In the last nine days, I’ve done 323 miles with rides of 42, 50, 52, and 53 miles and a day off. The 52-miler was yesterday. I could have easily gone farther. Every year I get to late April and think, I’ve lost it. Every May, I find it.

I haven’t picked a launch date yet.

4 thoughts on “There’s the rub and other things

  1. Massage. What a wonderful thing! Glad it worked for you; keep at it. I’ve done the same from time to time, as needed (desired). Sometimes it’s for therapeutic reasons but sometimes it’s just a treat because it feels so damn good.

    Good luck on your upcoming tour, whenever it launches. I’ll hit the road a week from today for my Katy Trail ride, and will be thinking of you as I go. Seems unlikely that we’ll cross paths this time but I’ll be watching to see if I can at least pick up traces of your tire tracks. It’s getting tougher and tougher to find places in the U.S. where you’ve yet to be, it seems.

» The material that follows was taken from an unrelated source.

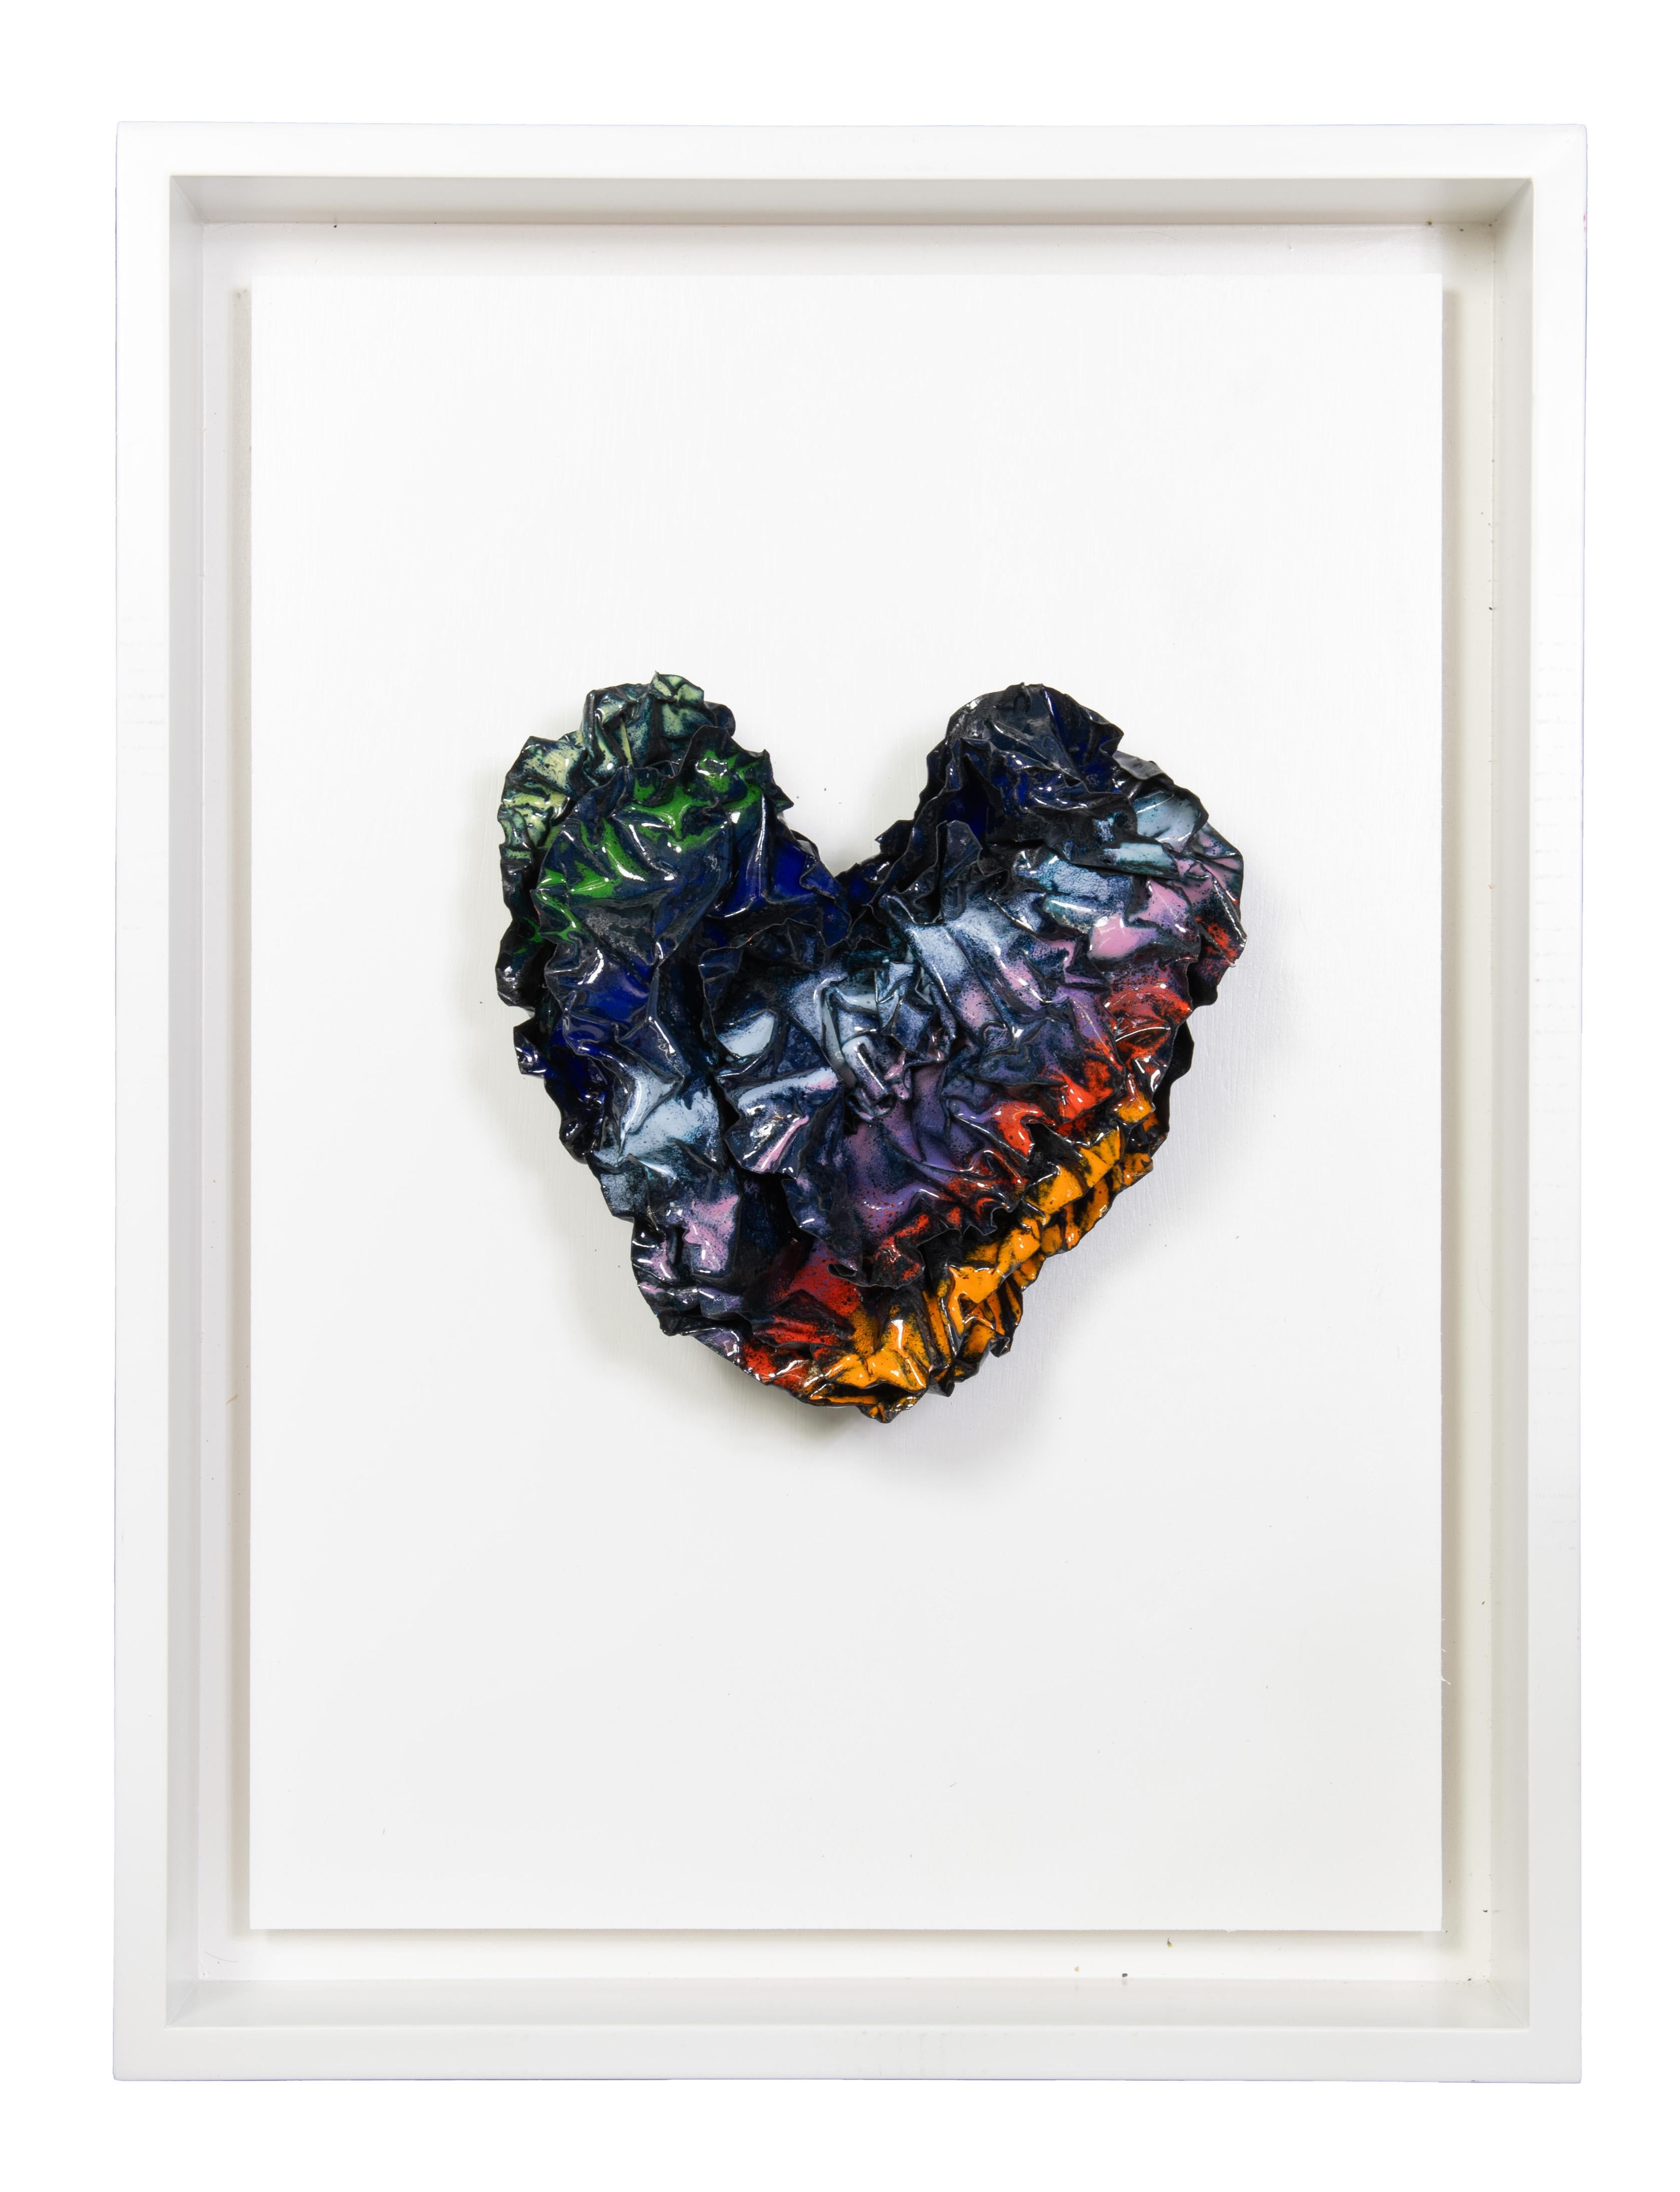 Sherry Been Abstract Sculpture - "Rainbow Heart" Abstract Wall Art Sculpture, 2023

  2. Since the massage was so helpful, perhaps researching and finding a couple of Massage therapists along your route might be helpful. You may feel great right now, but I imagine being in the same position for hours a day will cause symptoms to return. Having a couple massages along the way certainly can’t hurt.

  3. I’m stoked the massage helped! I get a therapeutic massage about once a month, and my psoas muscles are also very tight. It got worse with more running, but the more I stretch the better my back feels. My piriformis is also very tight, and I am nostalgic for my 20’s when I didn’t have to be so adamant about stretching. Or maybe it’s because I did more yoga in my 20’s that I didn’t ache as much. Verdict is still out.

    I am hopeful this will be your golden ticket for your tour!

    1. The tour starts next week. We are still dealing with the aftermath of my daughter’s law school graduation. Next up: the dreaded bar exam. As of an hour ago she has a job offer in Connecticut so she’s a happy camper. I’ll need to skedaddle back home in July to help her pack and move. (We are going to hire strong young for the actual move.)